What the task requires: A complete, exact copy of the records below is the required result.

■ ■ ■ ■ ■

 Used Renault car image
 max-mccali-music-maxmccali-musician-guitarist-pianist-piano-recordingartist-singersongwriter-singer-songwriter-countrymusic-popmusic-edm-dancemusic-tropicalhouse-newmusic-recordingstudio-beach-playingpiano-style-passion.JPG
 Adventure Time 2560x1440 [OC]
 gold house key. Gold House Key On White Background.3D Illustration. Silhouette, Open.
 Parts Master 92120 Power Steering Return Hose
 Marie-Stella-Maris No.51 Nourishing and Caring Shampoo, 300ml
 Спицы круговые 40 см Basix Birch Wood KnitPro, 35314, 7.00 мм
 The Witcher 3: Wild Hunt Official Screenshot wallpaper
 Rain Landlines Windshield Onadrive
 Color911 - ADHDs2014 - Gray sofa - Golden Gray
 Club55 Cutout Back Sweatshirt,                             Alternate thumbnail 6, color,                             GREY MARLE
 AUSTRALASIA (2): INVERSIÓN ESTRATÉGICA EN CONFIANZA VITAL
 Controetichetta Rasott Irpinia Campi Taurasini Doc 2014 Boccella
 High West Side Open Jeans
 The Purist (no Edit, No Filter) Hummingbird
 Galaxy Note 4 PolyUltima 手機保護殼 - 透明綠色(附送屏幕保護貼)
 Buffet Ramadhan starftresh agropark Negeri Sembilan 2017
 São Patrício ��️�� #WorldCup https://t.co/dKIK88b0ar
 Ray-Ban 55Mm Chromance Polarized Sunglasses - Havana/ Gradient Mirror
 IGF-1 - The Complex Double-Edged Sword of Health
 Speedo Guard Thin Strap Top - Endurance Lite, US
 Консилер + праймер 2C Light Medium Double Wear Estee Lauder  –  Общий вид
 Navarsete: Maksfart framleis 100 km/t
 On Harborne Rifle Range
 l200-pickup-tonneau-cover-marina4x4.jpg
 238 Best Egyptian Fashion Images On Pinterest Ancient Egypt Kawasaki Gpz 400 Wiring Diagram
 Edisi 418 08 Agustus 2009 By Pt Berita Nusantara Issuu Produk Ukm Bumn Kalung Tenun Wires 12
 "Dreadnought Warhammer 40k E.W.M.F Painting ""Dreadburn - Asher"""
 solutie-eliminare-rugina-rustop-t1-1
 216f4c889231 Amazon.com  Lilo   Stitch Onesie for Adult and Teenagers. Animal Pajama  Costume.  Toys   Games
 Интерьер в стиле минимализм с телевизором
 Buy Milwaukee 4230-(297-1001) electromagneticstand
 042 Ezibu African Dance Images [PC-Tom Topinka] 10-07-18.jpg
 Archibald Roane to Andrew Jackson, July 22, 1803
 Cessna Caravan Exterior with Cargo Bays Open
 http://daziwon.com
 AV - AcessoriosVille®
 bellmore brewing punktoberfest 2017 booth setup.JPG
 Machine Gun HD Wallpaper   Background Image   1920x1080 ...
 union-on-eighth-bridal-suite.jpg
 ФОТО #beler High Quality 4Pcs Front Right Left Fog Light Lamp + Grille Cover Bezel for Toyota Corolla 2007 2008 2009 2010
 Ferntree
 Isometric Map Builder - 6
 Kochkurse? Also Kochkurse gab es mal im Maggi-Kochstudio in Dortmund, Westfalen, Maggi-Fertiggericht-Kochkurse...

■ ■ ■ ■ ■

Solution to this problem:
 Used Renault car image
 max-mccali-music-maxmccali-musician-guitarist-pianist-piano-recordingartist-singersongwriter-singer-songwriter-countrymusic-popmusic-edm-dancemusic-tropicalhouse-newmusic-recordingstudio-beach-playingpiano-style-passion.JPG
 Adventure Time 2560x1440 [OC]
 gold house key. Gold House Key On White Background.3D Illustration. Silhouette, Open.
 Parts Master 92120 Power Steering Return Hose
 Marie-Stella-Maris No.51 Nourishing and Caring Shampoo, 300ml
 Спицы круговые 40 см Basix Birch Wood KnitPro, 35314, 7.00 мм
 The Witcher 3: Wild Hunt Official Screenshot wallpaper
 Rain Landlines Windshield Onadrive
 Color911 - ADHDs2014 - Gray sofa - Golden Gray
 Club55 Cutout Back Sweatshirt,                             Alternate thumbnail 6, color,                             GREY MARLE
 AUSTRALASIA (2): INVERSIÓN ESTRATÉGICA EN CONFIANZA VITAL
 Controetichetta Rasott Irpinia Campi Taurasini Doc 2014 Boccella
 High West Side Open Jeans
 The Purist (no Edit, No Filter) Hummingbird
 Galaxy Note 4 PolyUltima 手機保護殼 - 透明綠色(附送屏幕保護貼)
 Buffet Ramadhan starftresh agropark Negeri Sembilan 2017
 São Patrício ��️�� #WorldCup https://t.co/dKIK88b0ar
 Ray-Ban 55Mm Chromance Polarized Sunglasses - Havana/ Gradient Mirror
 IGF-1 - The Complex Double-Edged Sword of Health
 Speedo Guard Thin Strap Top - Endurance Lite, US
 Консилер + праймер 2C Light Medium Double Wear Estee Lauder  –  Общий вид
 Navarsete: Maksfart framleis 100 km/t
 On Harborne Rifle Range
 l200-pickup-tonneau-cover-marina4x4.jpg
 238 Best Egyptian Fashion Images On Pinterest Ancient Egypt Kawasaki Gpz 400 Wiring Diagram
 Edisi 418 08 Agustus 2009 By Pt Berita Nusantara Issuu Produk Ukm Bumn Kalung Tenun Wires 12
 "Dreadnought Warhammer 40k E.W.M.F Painting ""Dreadburn - Asher"""
 solutie-eliminare-rugina-rustop-t1-1
 216f4c889231 Amazon.com  Lilo   Stitch Onesie for Adult and Teenagers. Animal Pajama  Costume.  Toys   Games
 Интерьер в стиле минимализм с телевизором
 Buy Milwaukee 4230-(297-1001) electromagneticstand
 042 Ezibu African Dance Images [PC-Tom Topinka] 10-07-18.jpg
 Archibald Roane to Andrew Jackson, July 22, 1803
 Cessna Caravan Exterior with Cargo Bays Open
 http://daziwon.com
 AV - AcessoriosVille®
 bellmore brewing punktoberfest 2017 booth setup.JPG
 Machine Gun HD Wallpaper   Background Image   1920x1080 ...
 union-on-eighth-bridal-suite.jpg
 ФОТО #beler High Quality 4Pcs Front Right Left Fog Light Lamp + Grille Cover Bezel for Toyota Corolla 2007 2008 2009 2010
 Ferntree
 Isometric Map Builder - 6
 Kochkurse? Also Kochkurse gab es mal im Maggi-Kochstudio in Dortmund, Westfalen, Maggi-Fertiggericht-Kochkurse...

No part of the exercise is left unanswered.